One of the things I have learned over the years is that if you drive on your snow tires for too long in the spring (or say over an entire summer), your snow tires degrade very quickly during that time, and they soon become useless if you are not careful. It is a hard balance to figure out when you should remove your snow tires in the spring (in Ottawa, in the Sault or places north, I am sure this isn’t even being discussed yet). I called my mechanic and he is inundated with folks wanting their snow tires off and their summer tires back on, so I know that I am at least part of the crowd.

When I was younger one year, I figured I’d save myself some money because I needed to get NEW summer tires but my winter tires were relatively new, so I decided to stay on the winter tires all summer, for my troubles I ended up with:

  1. Bad gas mileage
  2. Badly worn snow tires (that had 1 season left in them after that summer, and they didn’t really do that well that 1 season either)
  3. A noisy car all summer (snow tires on clear pavement are noisier)

Time to take off the snow tires and see if you can save some money on the ever increasing price of gasoline here in Ottawa.

You can drive your winter tires all summer, however, next winter they will no longer be effective.
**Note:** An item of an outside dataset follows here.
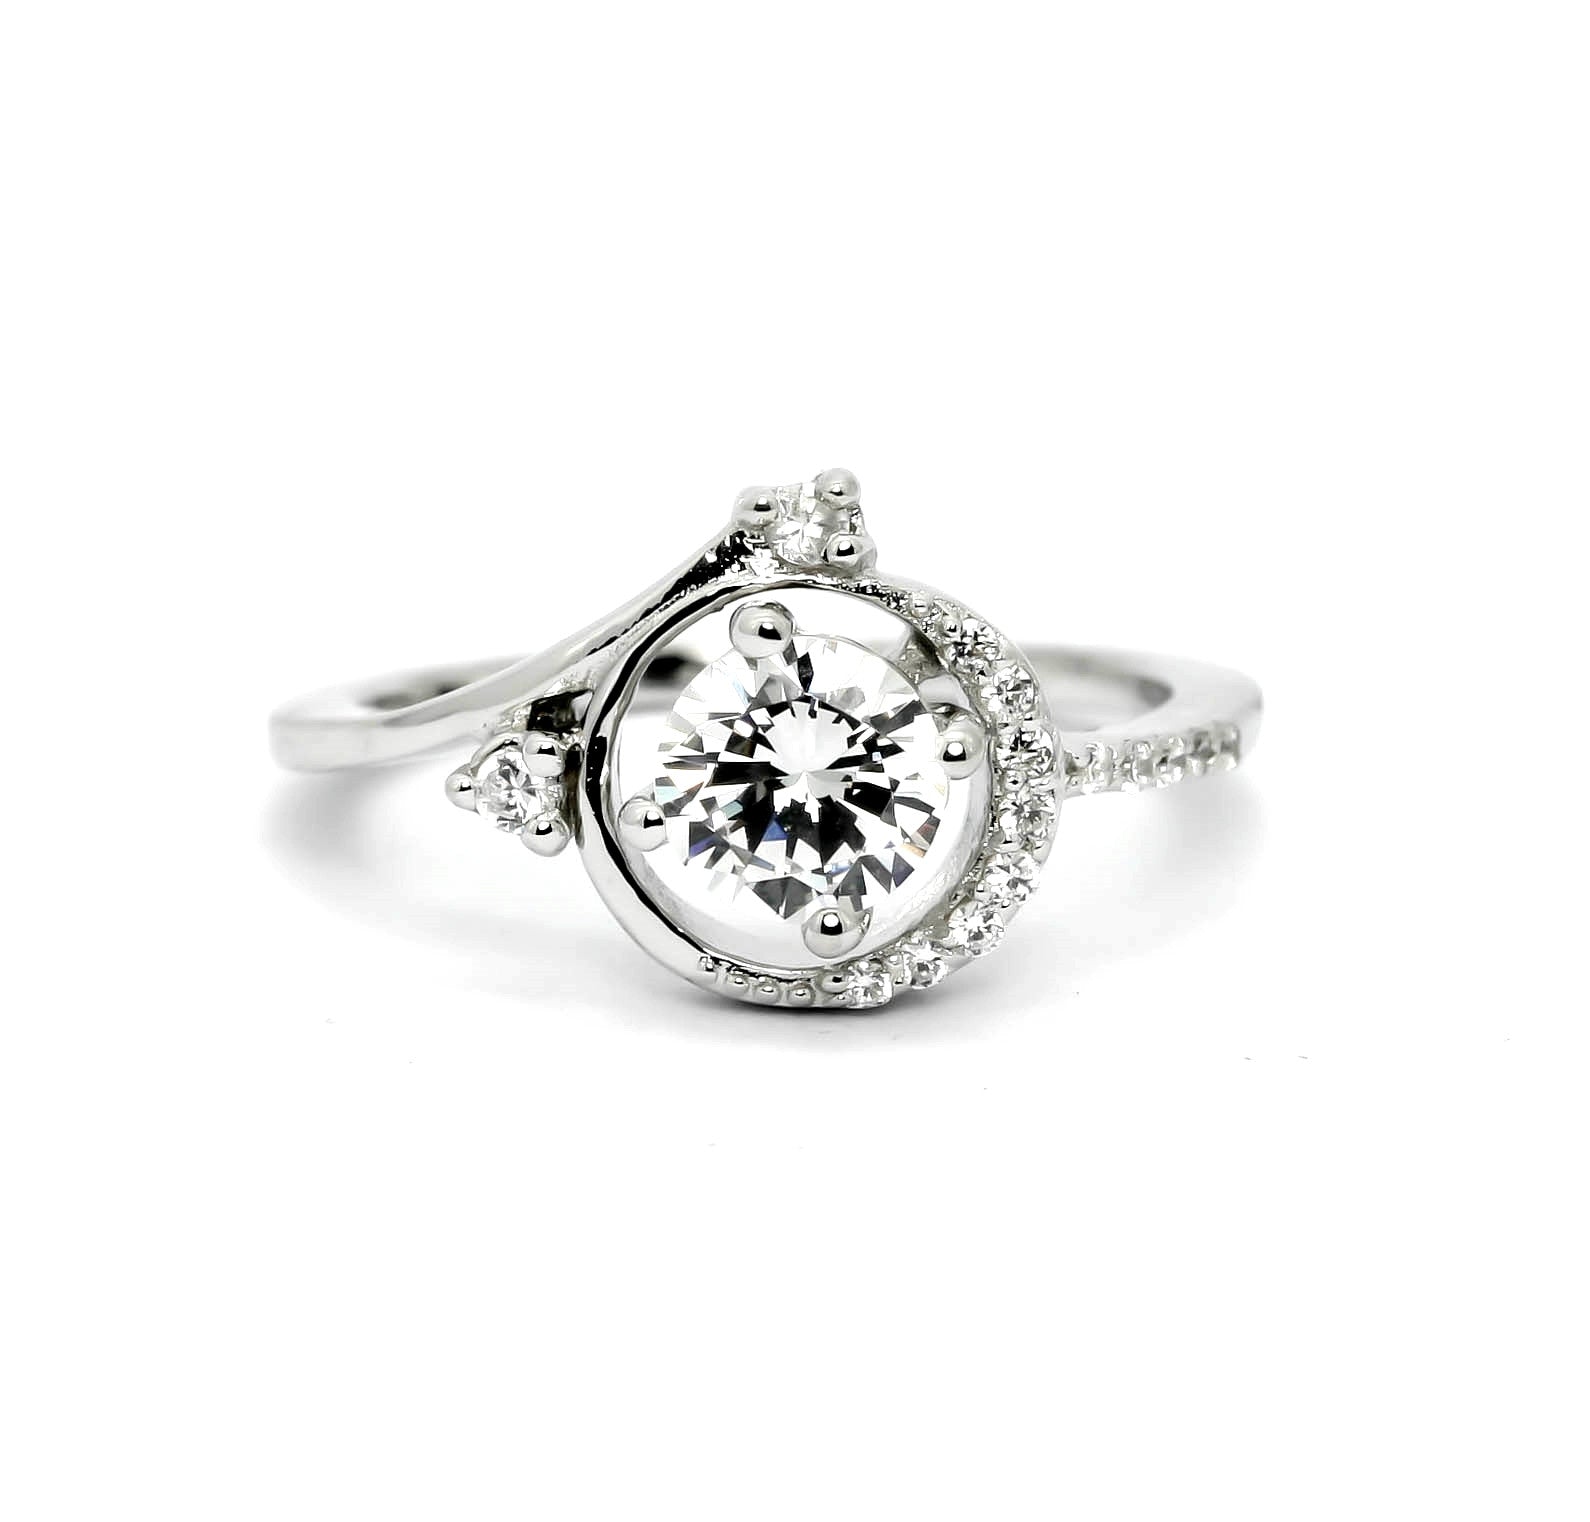 Moissanite Engagement Ring, Unique Halo Design With 1 Carat (6.5 mm) Forever One Moissanite & .18 Carat Diamonds, Anniversary Ring - FBY8220

You can run your all weather tires all year, but that means you are never really using the right tire, are you?

Feel Free to Comment

  1. I’m reluctant to buy snow tires for my car, since just filling the tank adds 10% to the value of my car. Adding snow tires would double its value. 😉

    Actually, it’s touch and go whether the car will last another winter, so snow tires aren’t likely a decent investment. I would be better off buying a newer vehicle, but I’m so cheap it hurts. I think I have to imagine a newer car as an investment in my family’s safety, rather than an investment in a rusting, expensive, depreciating money pit. Sounds like an idea for a blog post, BCM?

  2. I had this happen with one of my credit cards & my son showed me how to still do a download. Save the data as a QIF file (if you can). The QIF file can be saved to your desktop then be imported into your Quicken & deleted off your desktop. Done. Much easier than inputting manually. Hope this helps.

  3. Thanks for the reminder about the snow tires. I need to get new all-season tires, so I best do it soon. Winter tires seem to be a killer on gas mileage.

  4. So what I should have said was, that I have to bring up IE, log into my account and then do the download manually, to get new transactions into my Quicken. Apologies, me and the English language are not seeing eye to eye these days.